Après un Hard Eight de facture plus que respectable PTA l'enfant terrible nous revient en très grande forme avec l'excellent Boogie Nights, premier chef d'oeuvre probable de sa prestigieuse filmographie. Fortement inspirée par Raging Bull dans sa construction cette émulation filmique prend des allures de vrai-faux biopic d'une star de l'âge d'or hollywoodien du porno estampillé seventies ; porté par un Mark Wahlberg re-découvert, littéralement impérial en acteur porno transformant sa vie de loser en une descente aux enfers d'une tonalité savoureusement douce-amère ledit métrage assume ses références d'un bout à l'autre tout en multipliant ses idées de Cinéma avec une virtuosité n'ayant d'égale qu'une inventivité de tous les instants. Glamour sans être gratuitement clinquant, terrible et désarmant sans sombrer dans le racolage sordide de bas étage Boogie Nights dessine donc la trajectoire chaotique de Dirk Diggler tout en empruntant déjà les gimmicks du film choral, genre que Paul Thomas Anderson portera à son paroxysme dans son chef d'oeuvre suivant : le très métaphysique et grisant Magnolia.
Marty Scorsese est donc ici à l'honneur, dans la mesure où PTA filme une ascension suivie d'une chute comme au temps d'un certain Jake La Motta. Néanmoins le soin apporté aux couleurs et aux mouvements de caméra fluides et brillants de maîtrise convoquent moins Raging Bull ( tourné du reste en Noir & Blanc ) que l'incroyable Casino et le survitaminé Goodfellas à notre esprit. Extrêmement bien monté et rythmé par une bande originale de tout premier choix Boogie Nights évoque également à bien des égards le Cinéma ultra-référencé de Quentin Tarantino, en témoigne ce long travelling circulaire de l'épilogue n'étant pas sans rappeler le plan d'ouverture de Reservoir Dogs et tout un pan de la mythologie hollywoodienne annonçant vingt ans auparavant l'extraordinaire Once Upon A Time... In Hollywood.

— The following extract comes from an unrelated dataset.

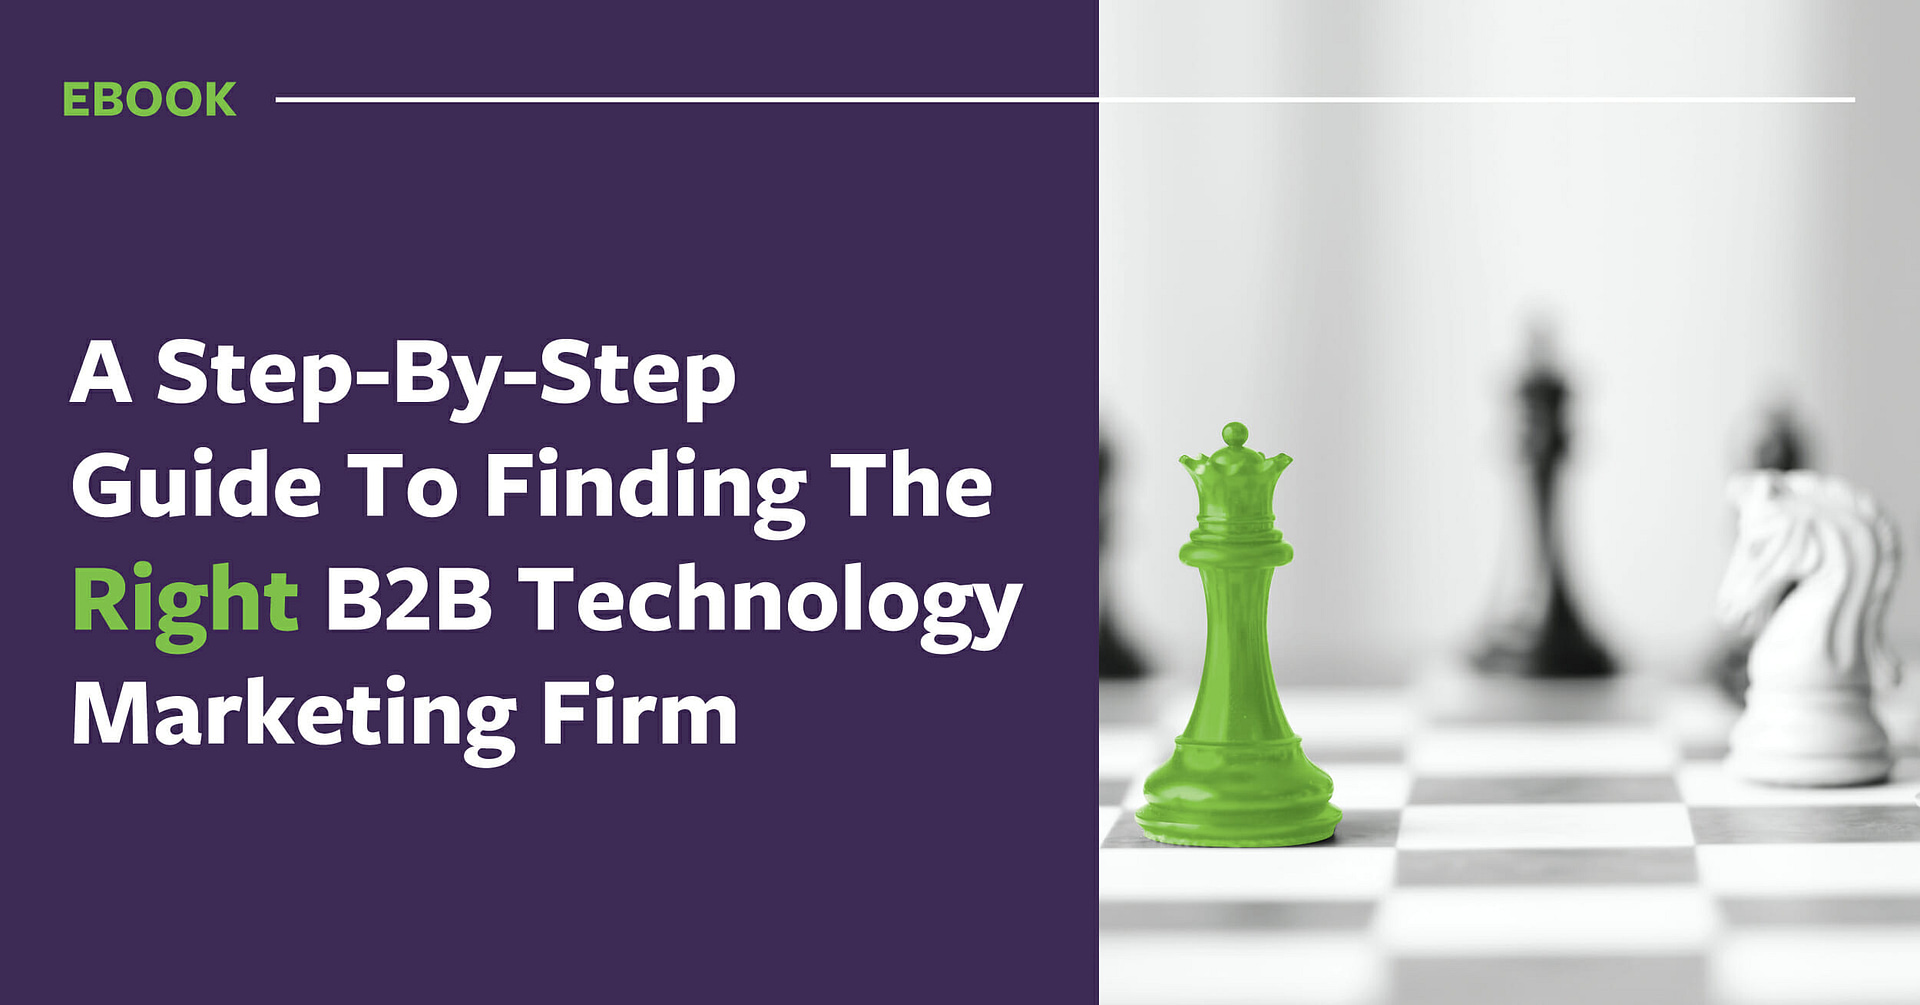 [eBook] A Step-By-Step Guide To Finding The Right B2B Technology Marketing Firm
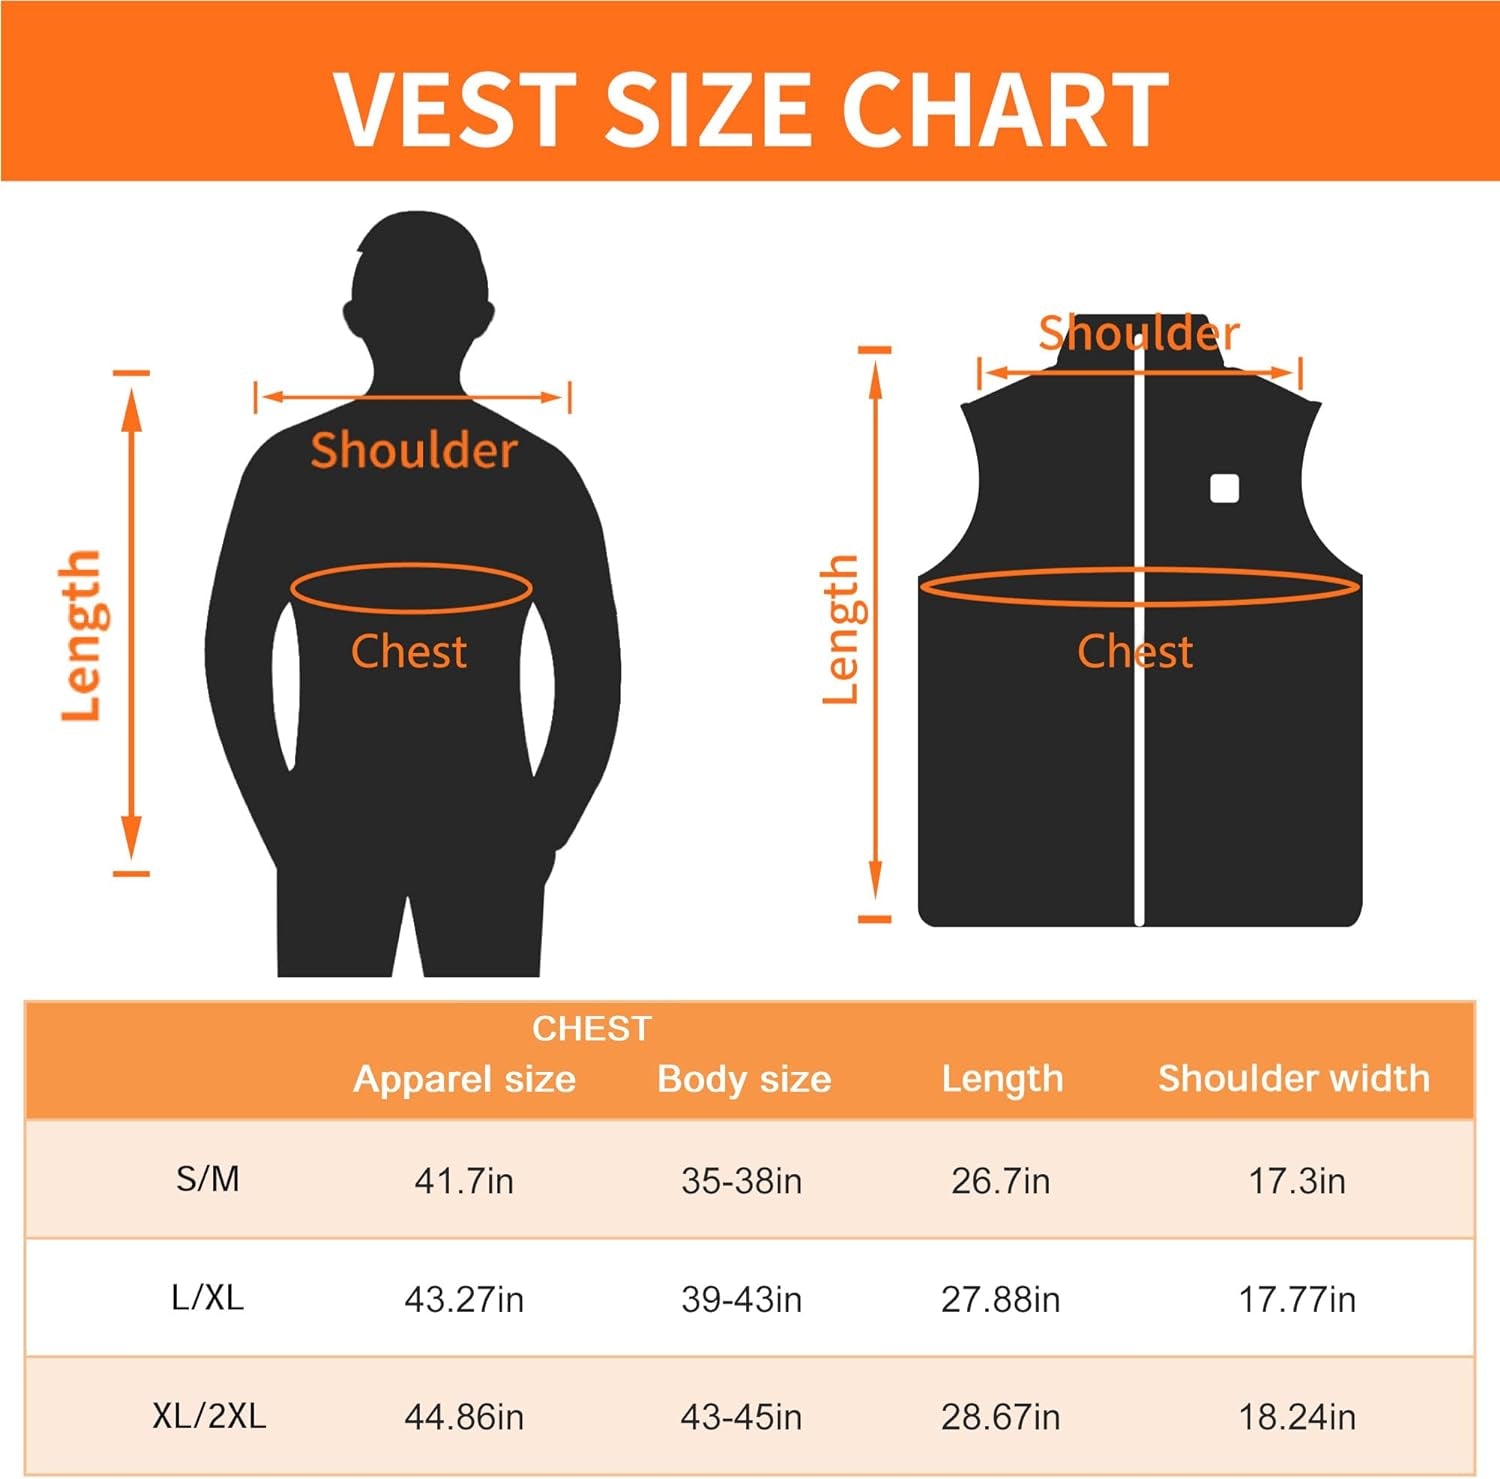 Heated Vest for Men TOSOHMK Warmer Heated Jacket Lightweight Black Electric Warming Vest for Snow Motorcycle Hunting Fishing

Boogie Nights bénéficie en outre d'un casting littéralement déflagrateur composé d'actrices et d'acteurs tous plus remarquables les uns que les autres : John C. Reilly, Julianne Moore, Burt Reynolds, Philip Seymour Hoffman, Don Cheadle ou encore l'excellent William H. Macy forment d'ores et déjà la famille artistique du réalisateur américain que ce dernier ne manquera pas de réunir à moult reprises par la suite. D'une violence certaine mais suffisamment nuancée - puis finalement fascinante dans sa manière de jouer sur notre esprit à différents niveaux émotionnels - Boogie Nights fait l'effet d'une fresque aussi ample et ambitieuse que définitivement vibrante, n'hésitant pas à recourir au comique le plus inattendu ( le personnage de Philip Seymour Hoffman et celui de William H. Macy, incarnant respectivement un technicien énamouré d'une star et un chef opérateur cocufié, en sont les meilleurs exemples...) ainsi qu'à l'émotion la plus percutante. En un mot comme en mille Paul Thomas Anderson filme cette chronique filmique avec une brillance élégamment et rondement reconstituée, signant avec Boogie Nights une biography picture d'une intelligence redoutable. A voir absolument, et plus souvent qu'à notre tour...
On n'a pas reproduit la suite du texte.